■ Provided material ■
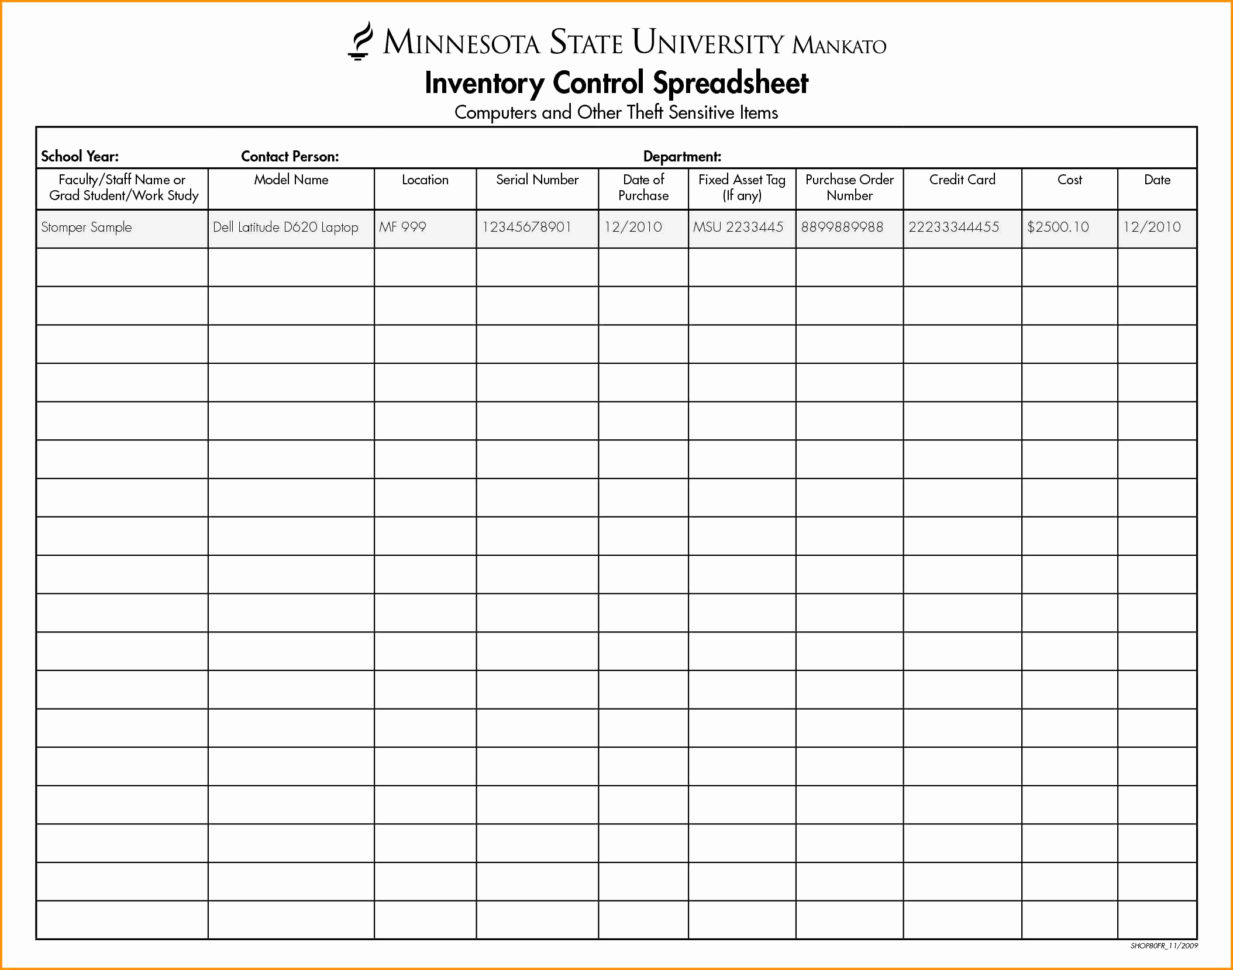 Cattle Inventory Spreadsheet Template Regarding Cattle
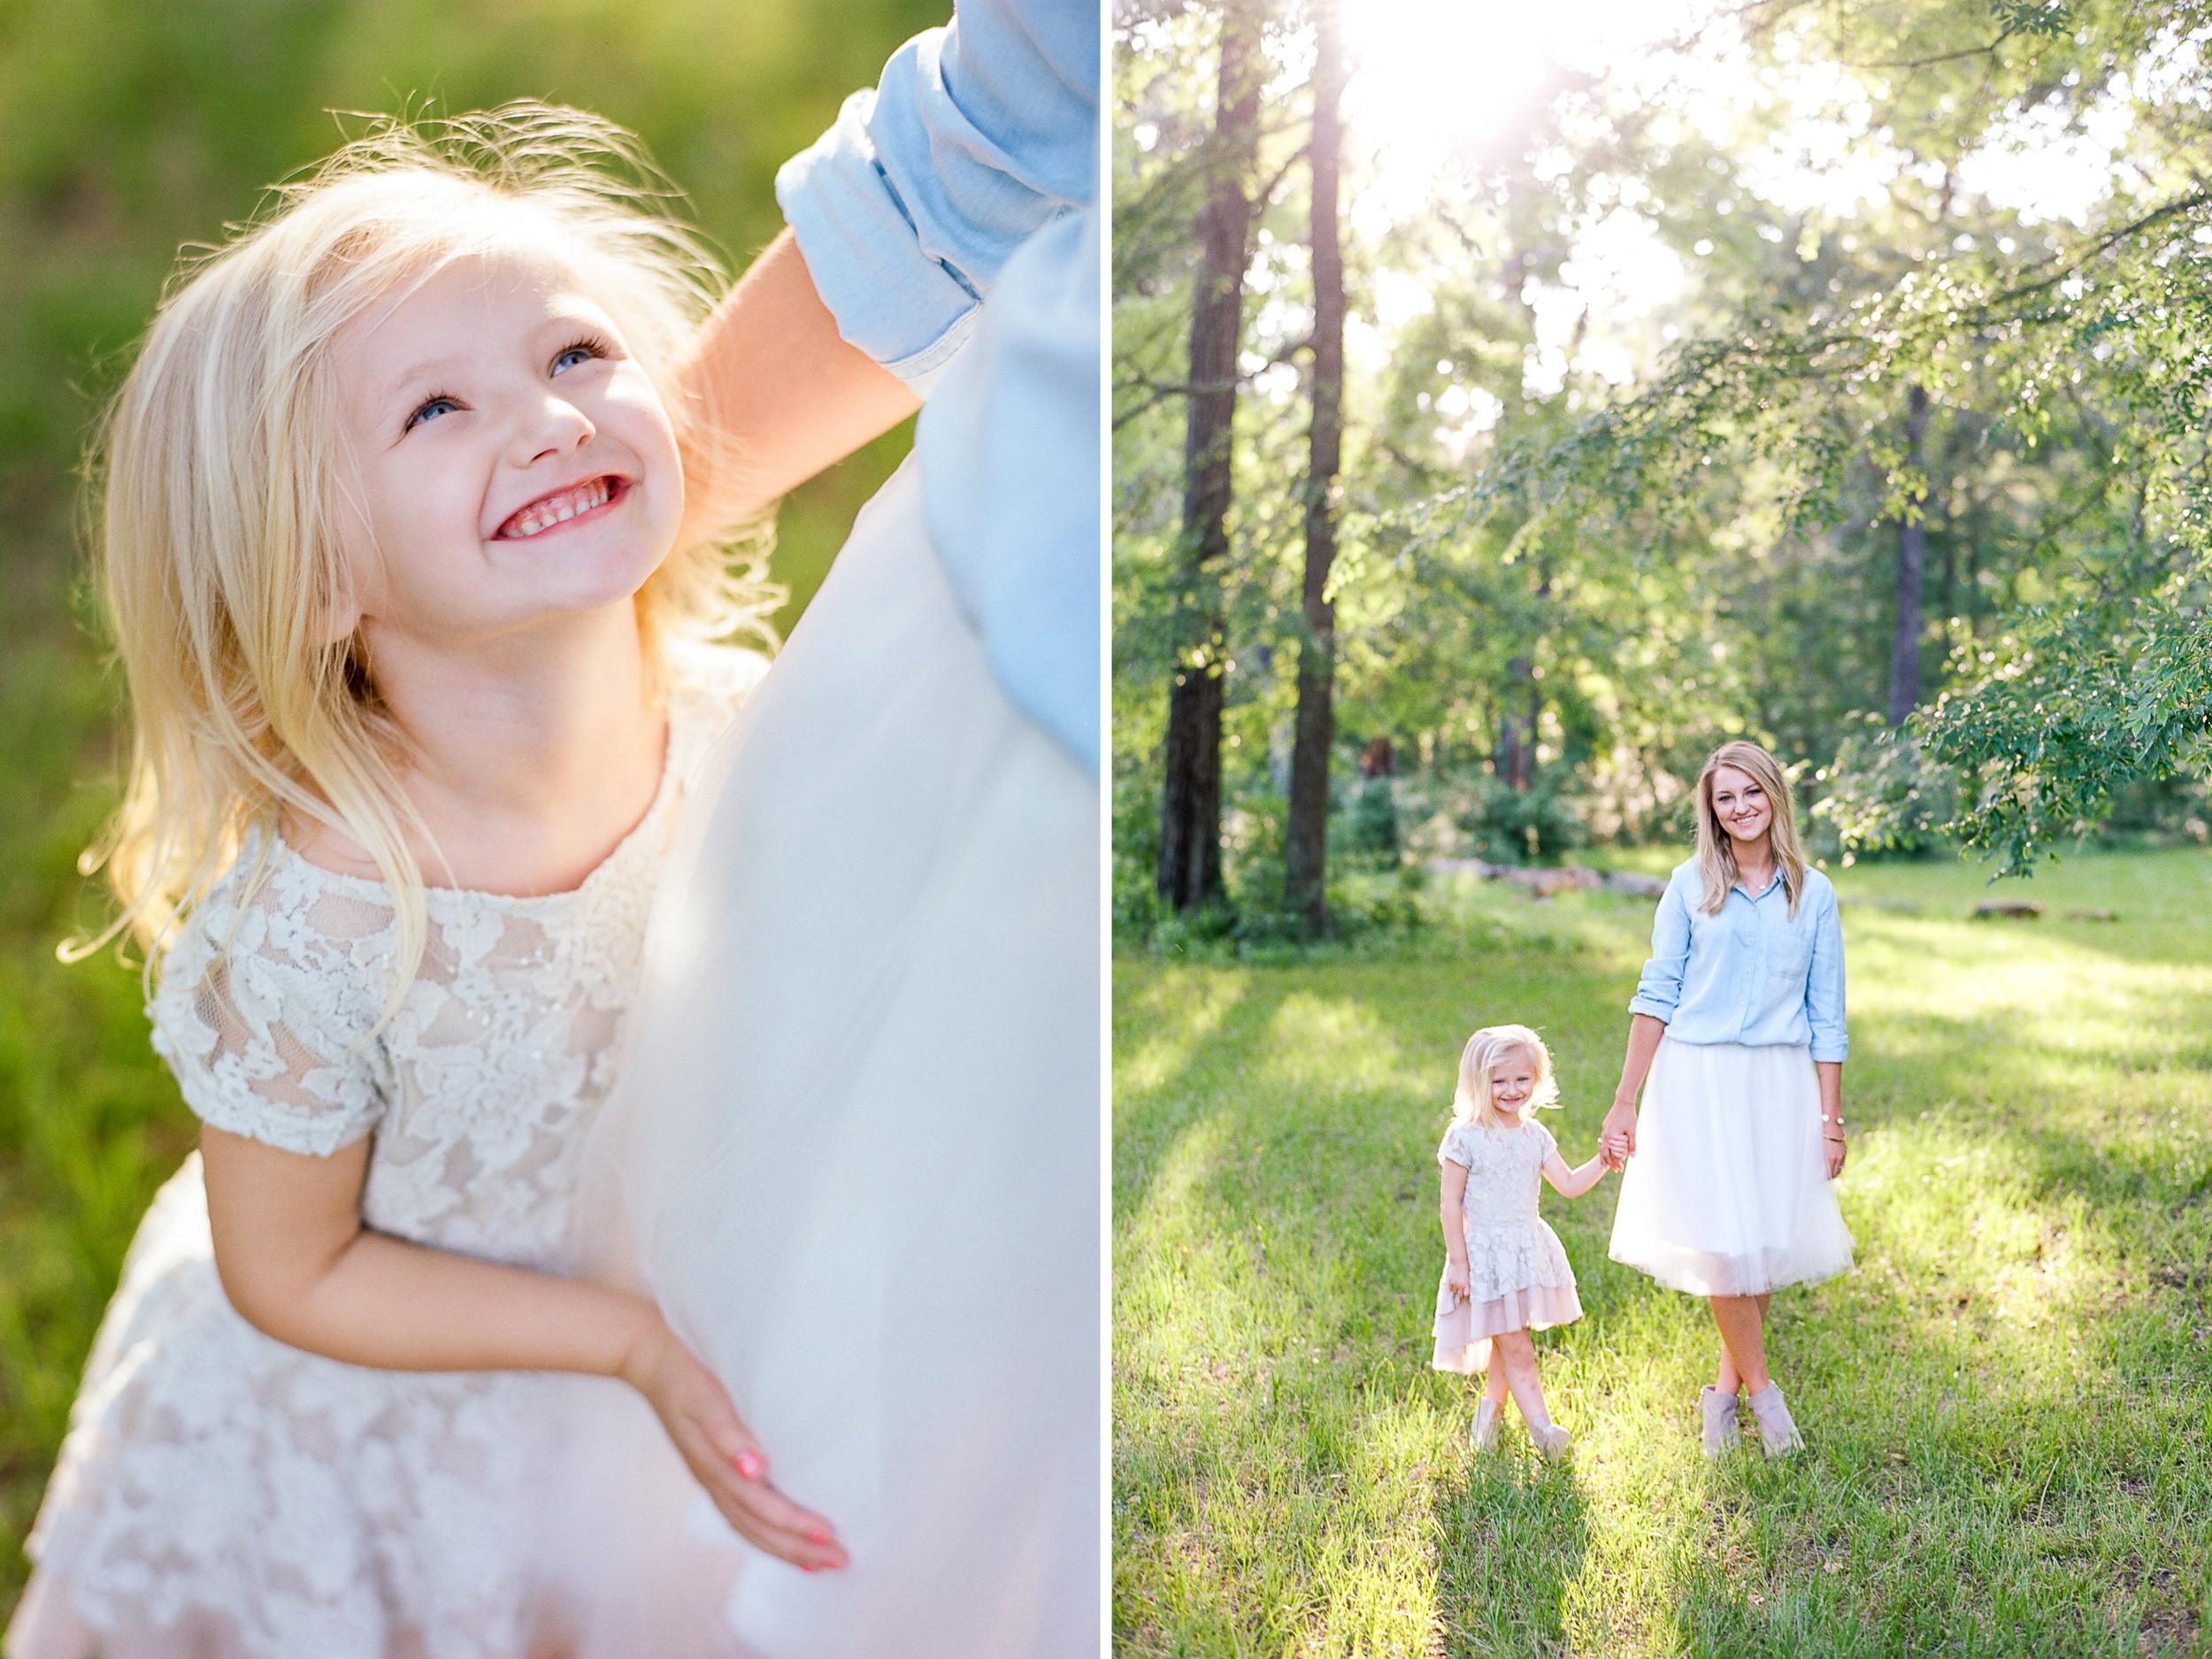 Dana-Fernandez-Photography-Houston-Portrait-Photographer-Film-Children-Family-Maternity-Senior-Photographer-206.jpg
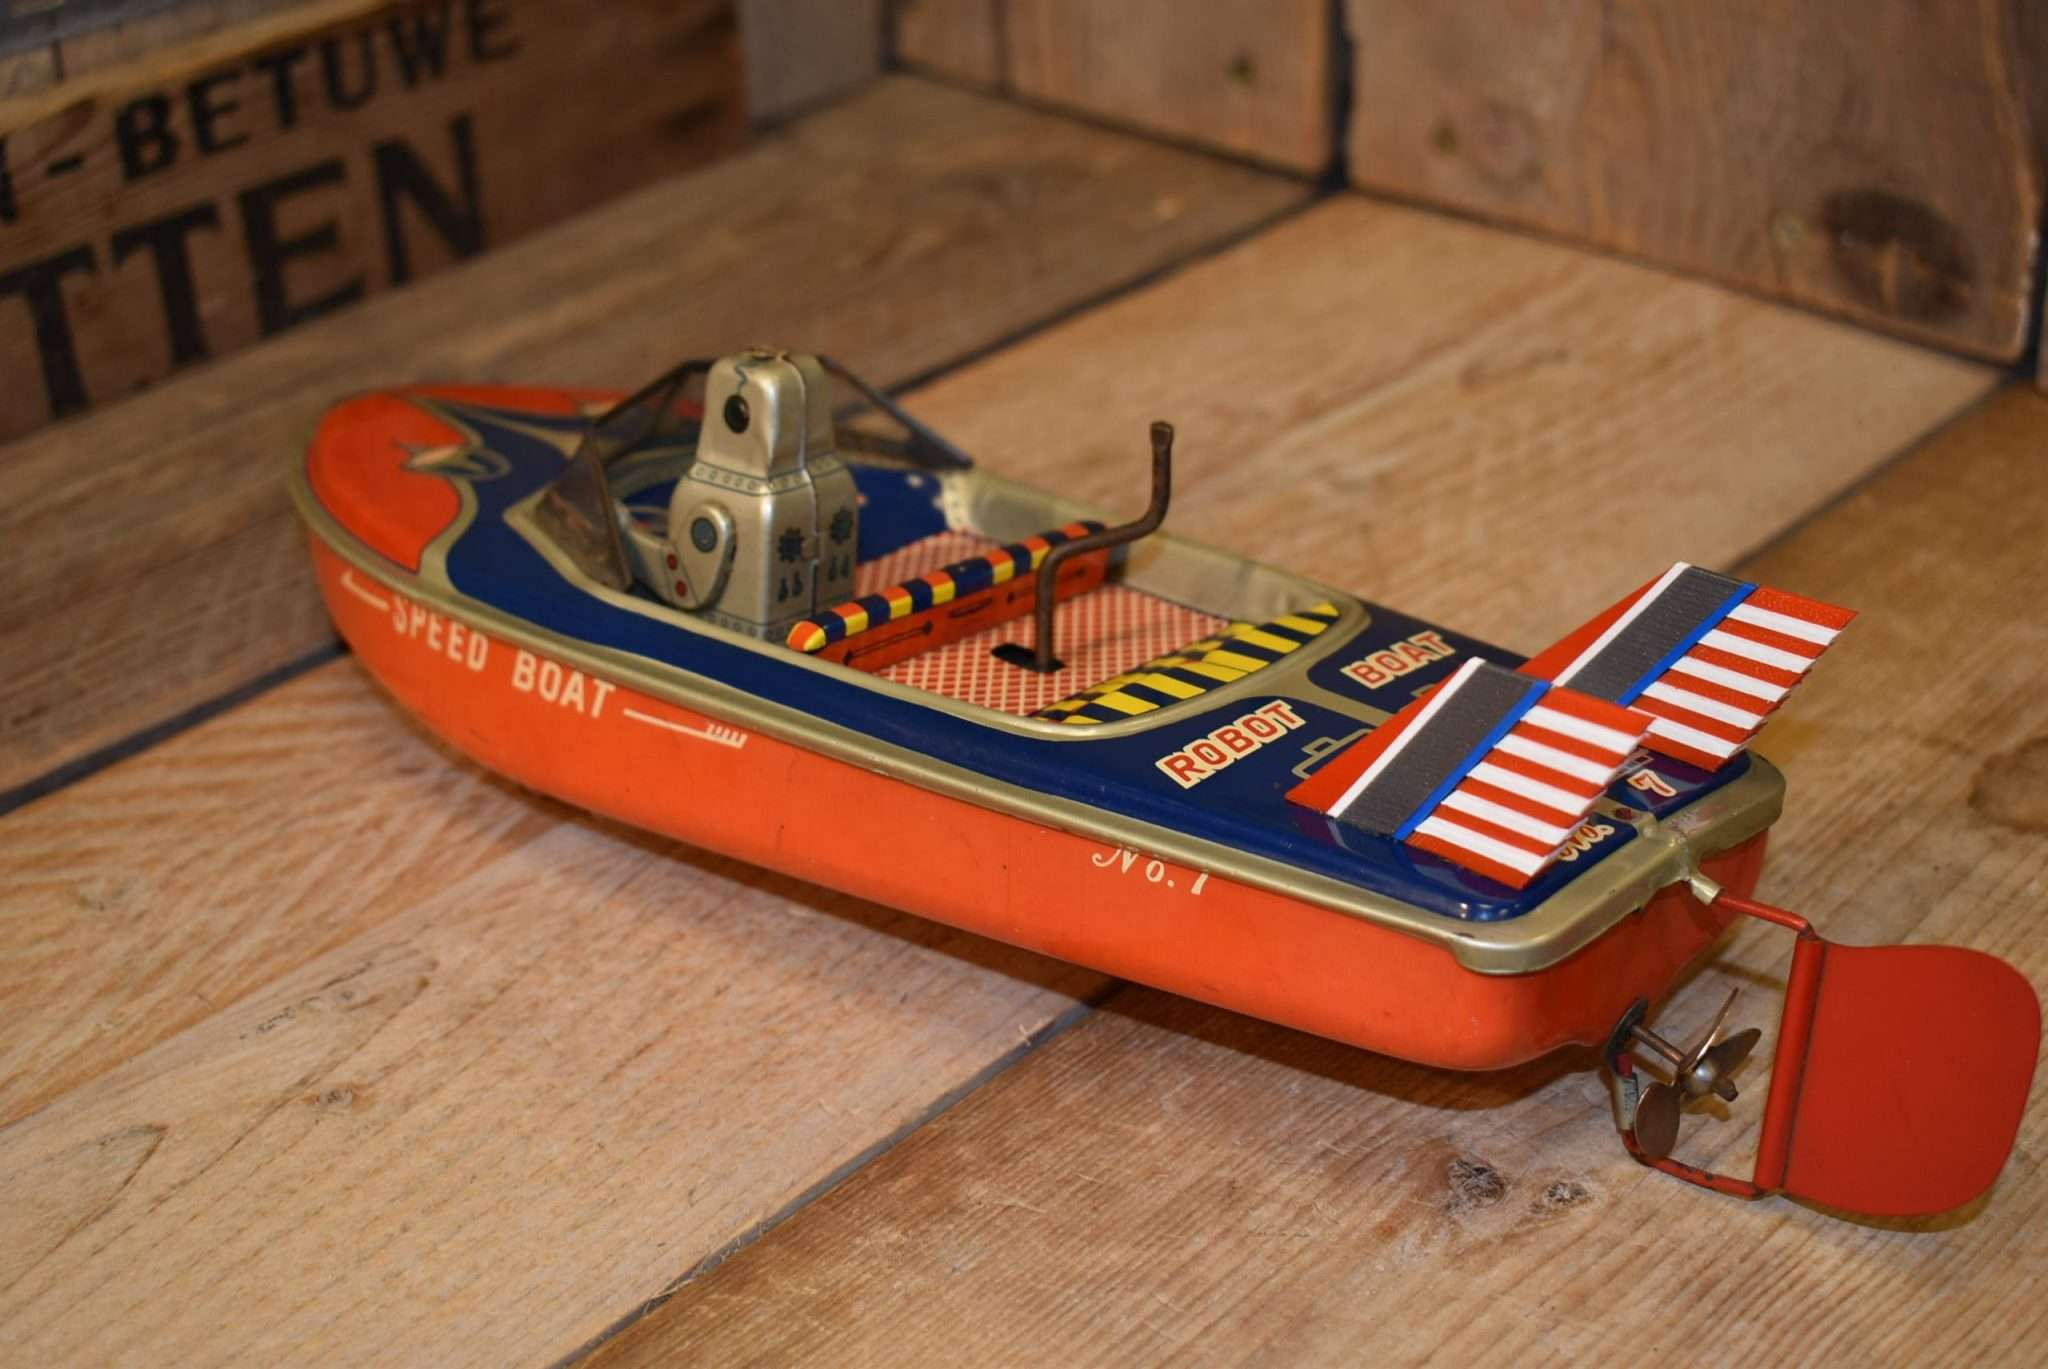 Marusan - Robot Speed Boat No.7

■ Requirement ■
Could you return the whole listing exactly, with every picture removed?

■ Exercise output ■
 Cattle Inventory Spreadsheet Template Regarding Cattle
 Dana-Fernandez-Photography-Houston-Portrait-Photographer-Film-Children-Family-Maternity-Senior-Photographer-206.jpg
 Marusan - Robot Speed Boat No.7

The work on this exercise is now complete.